BEGIN COLLECTED MATERIAL

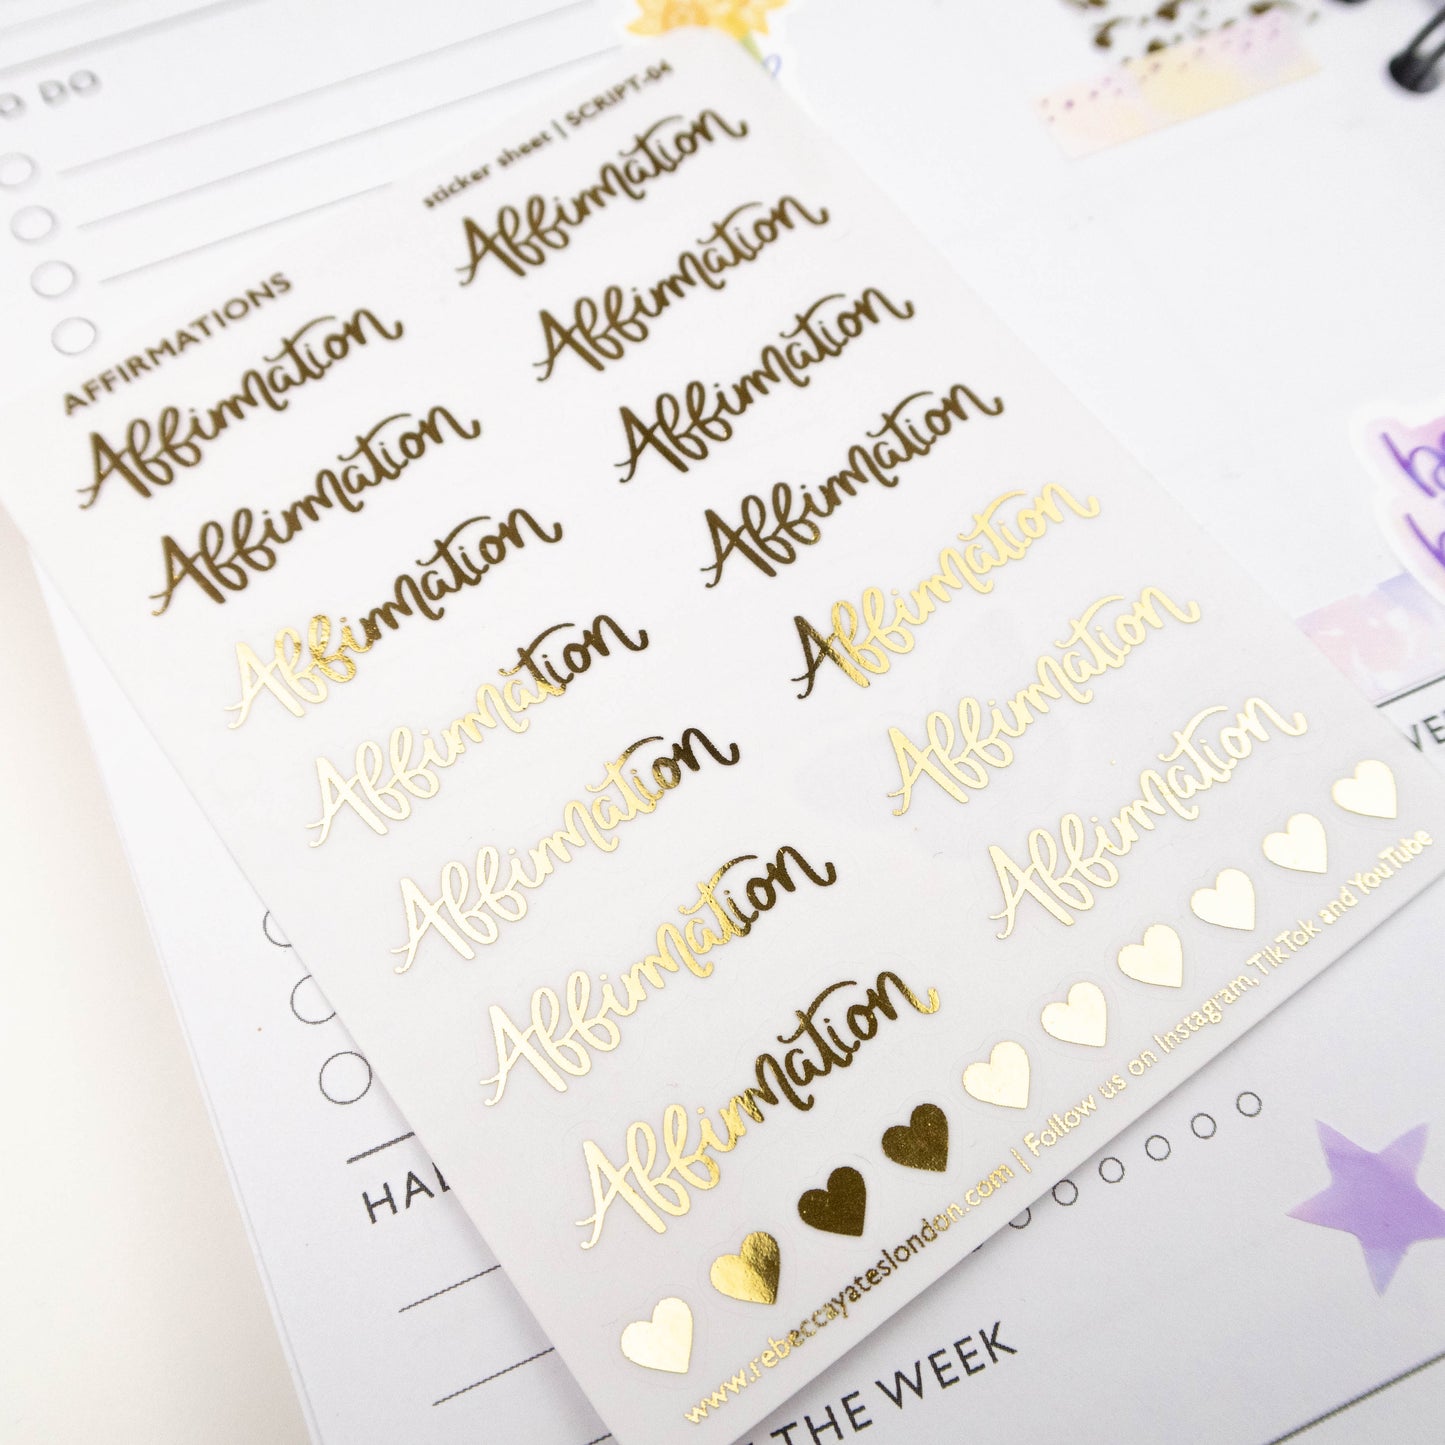 AFFIRMATIONS - FOILED PLANNER STICKERS
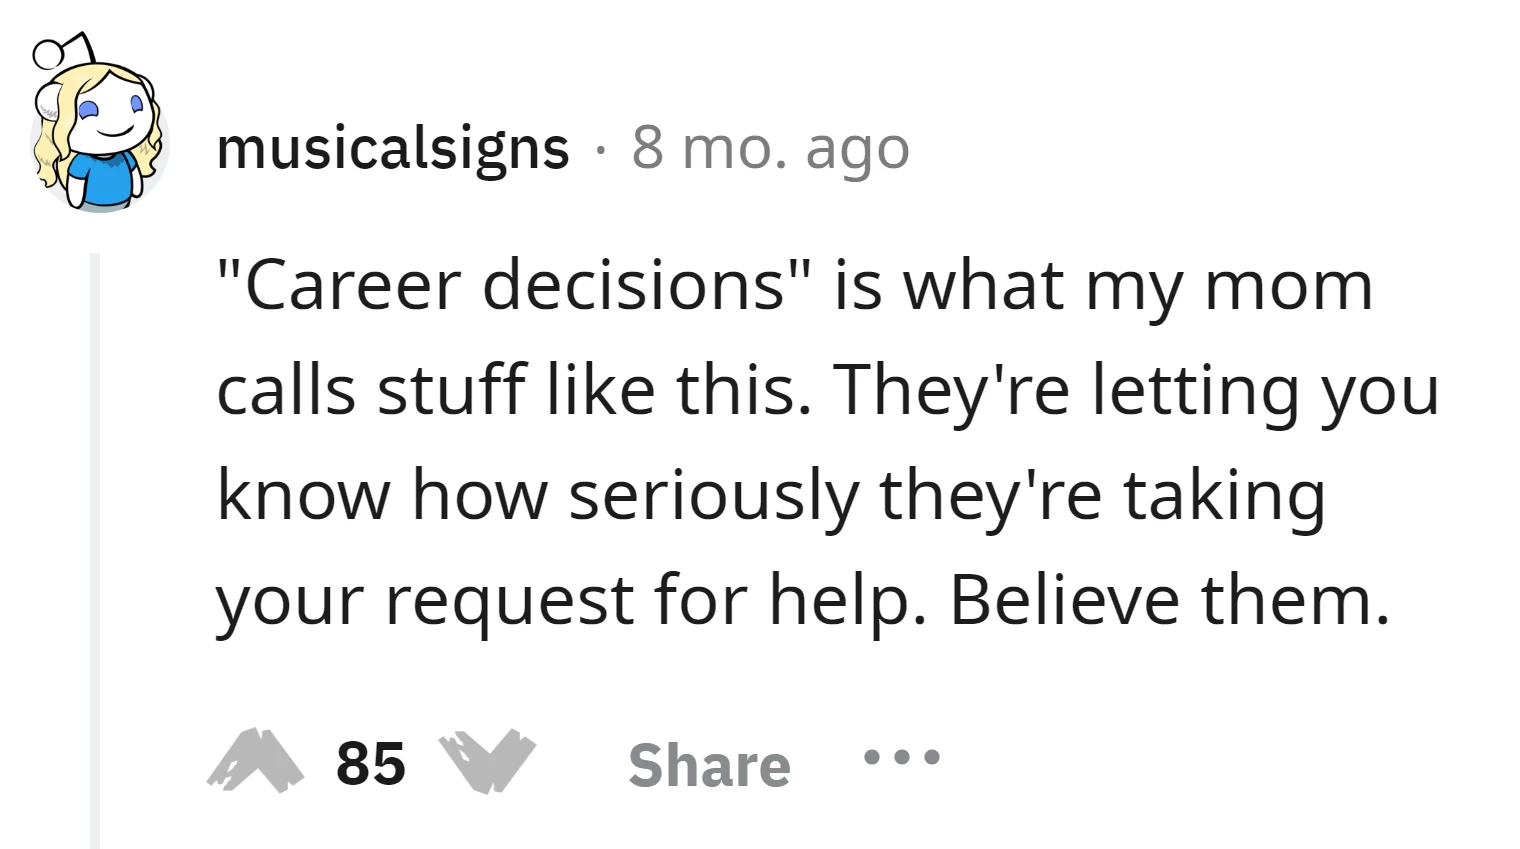 "Career decisions"
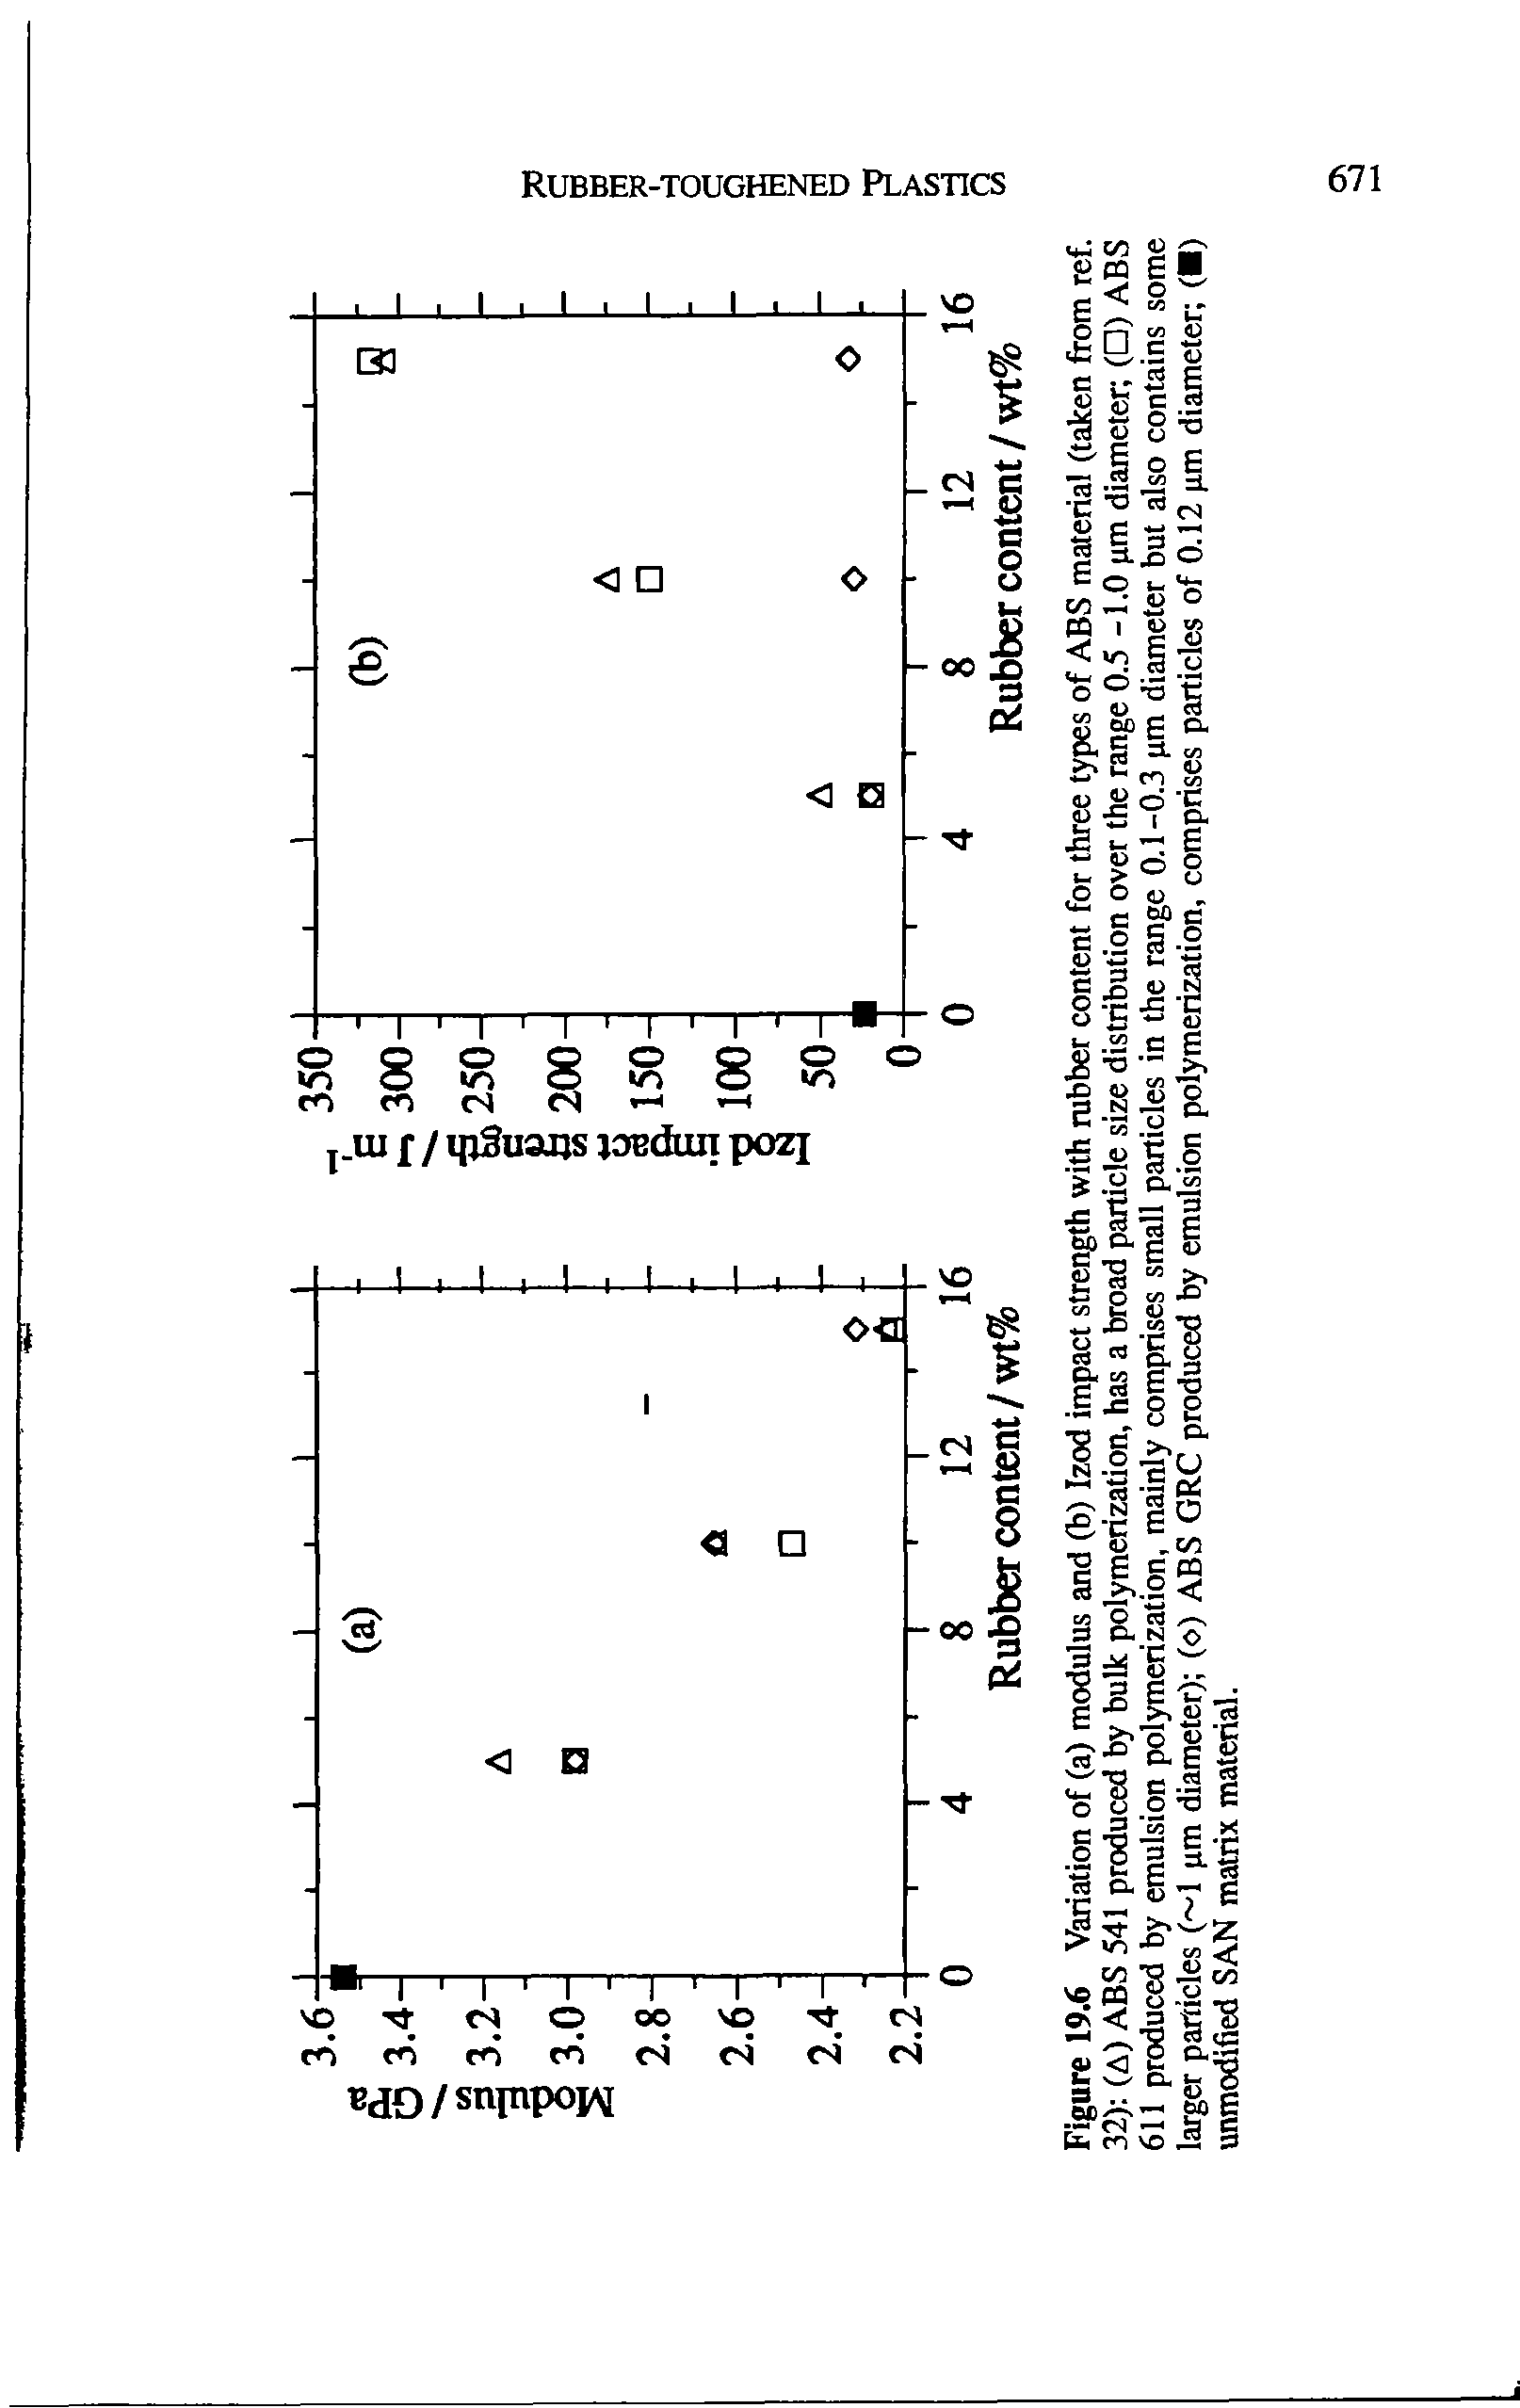 Figure 19.6 Variation of (a) modulus and (b) Izod impact strength with rabber content for three types of ABS materia (taken from ref. 32) (A) ABS 541 produced by bulk polymerization, has a broad particle size distribution over the range 0.5 -1.0 pm diameter, ( ) ABS 611 produced by emulsion polymerization, mainly comprises small particles in the range 0.1-0.3 pm diameter but also contains some larger particles ( 1 pm diameter) (o) ABS GRC produced by emulsion polymerization, comprises particles of 0.12 pm diameter ( ) unmodified SAN matrix material.

END COLLECTED MATERIAL

WORK ORDER:
Please write the material out again exactly as shown above, minus any pictures.

EXPECTED ANSWER:
 AFFIRMATIONS - FOILED PLANNER STICKERS
 "Career decisions"
 Figure 19.6 Variation of (a) modulus and (b) Izod impact strength with rabber content for three types of ABS materia (taken from ref. 32) (A) ABS 541 produced by bulk polymerization, has a broad particle size distribution over the range 0.5 -1.0 pm diameter, ( ) ABS 611 produced by emulsion polymerization, mainly comprises small particles in the range 0.1-0.3 pm diameter but also contains some larger particles ( 1 pm diameter) (o) ABS GRC produced by emulsion polymerization, comprises particles of 0.12 pm diameter ( ) unmodified SAN matrix material.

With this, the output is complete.